Calls and Oni-bi(Fen Fire) by Yuko Mohri

Calls-and-Oni-bi

Did you know about the Japanese belief that the departed ancestors who 'call' on their descendants during mid-summer and New Year. Well, you do now. Yuko Mohri's kinetic-sonic sculptures appear to be seemingly drawn upon this belief. In Callsand Oni-bi, she makes the invisible visible and heard through sculptural forms that respond to the space they find themselves in. A collector and 'collagist' of found objects, Mohri gathers familiar, discarded objects and reframes the detritus of our lives into delicate installations. One can find bells, forks, horns, magnets, solenoids, glockenspiel, all moving in response to friction and force.

The Sea of Pain by Raúl Zurita

The-sea-of-pain

Alan Kurdi, the three-year old boy whose body washed ashore a beach in September 2015 became the heartbreaking image synonymous with the Syrian refugee crisis.
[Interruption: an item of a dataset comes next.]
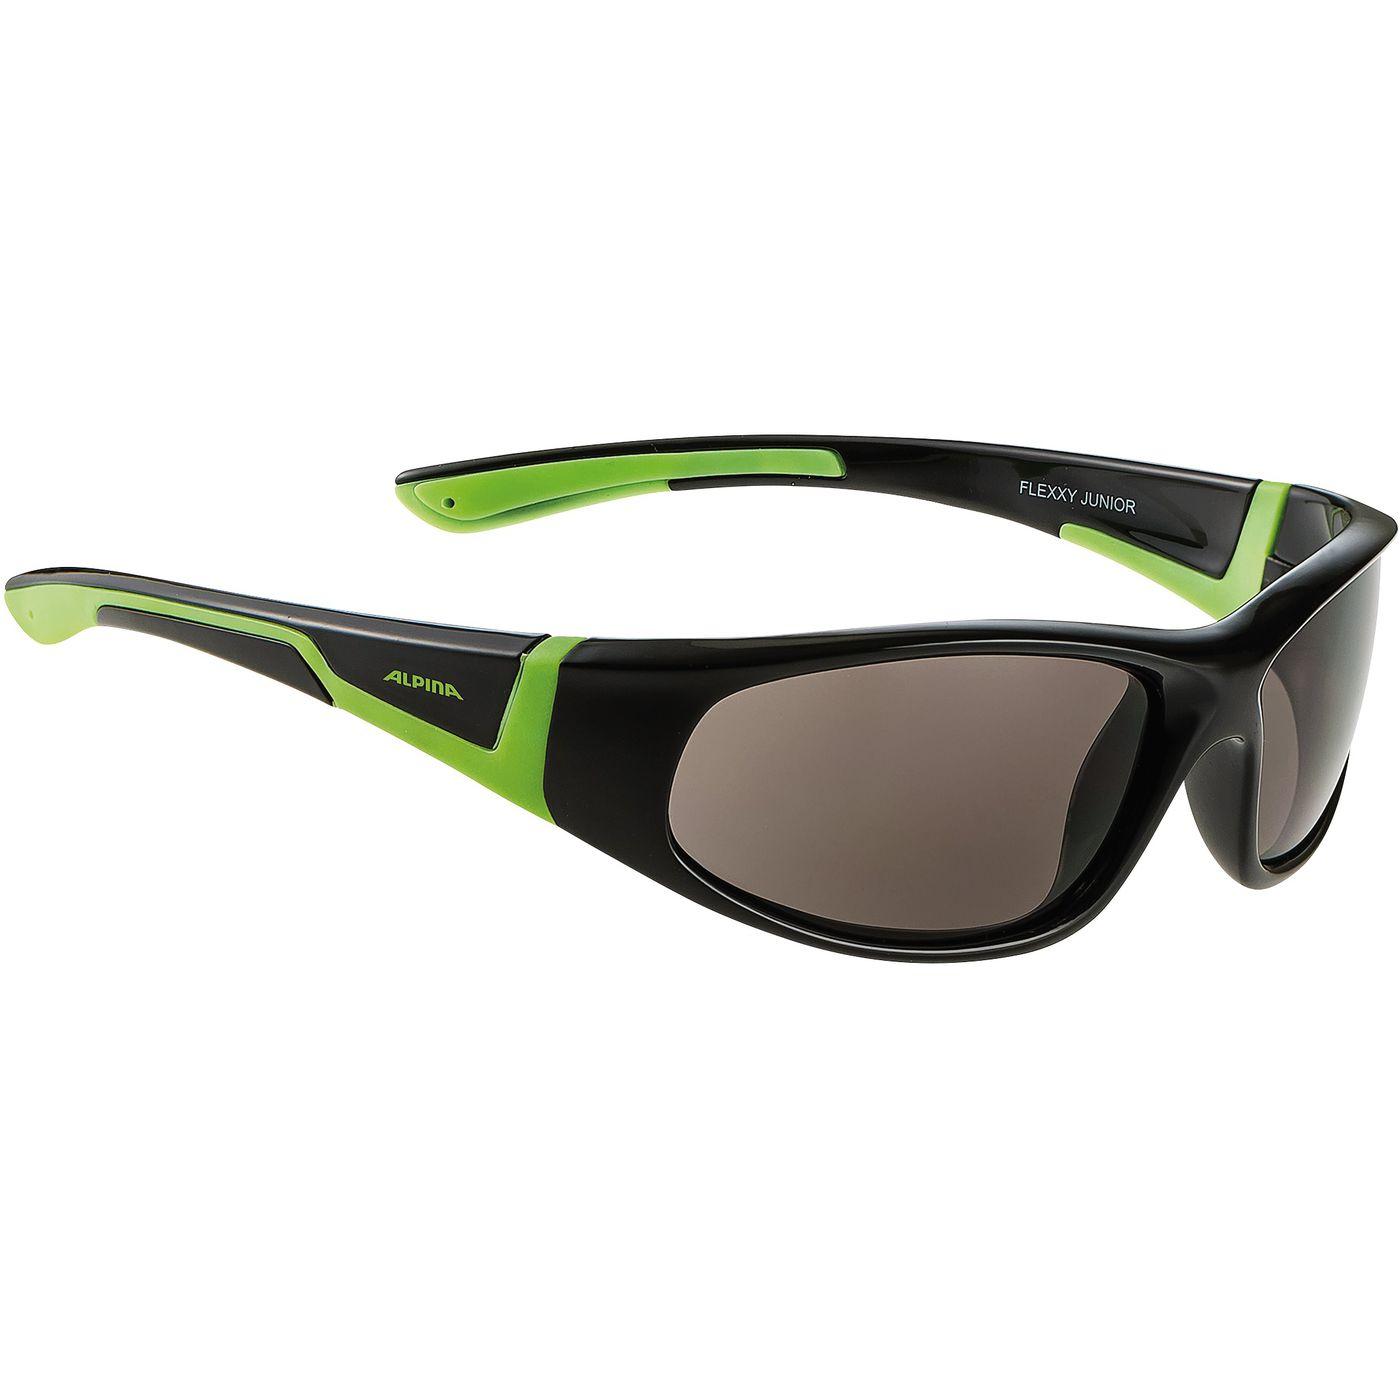 ALPINA солнцезащитные очки Flexxy Junior, 6-9 лет

However, of the five-year old Galip, Alan's older brother, there are no photographs. A dedication to Galip Kurdi, one of the unknown casualties of the Syrian war, this one hits you right where it hurts the most. The artist, in a quest to understand the sea of pain, makes the audience walk through a body of water. At the end of this stretch is when you see the wall with Zurita's words. As you read her dedication to the child with your feet immersed in seawater, you realise the embodied reality of the war on terror and the loss of innocent lives. This body of water, and having you walk through it, is a gesture that taps the conscience for reflection, meditation and redemption.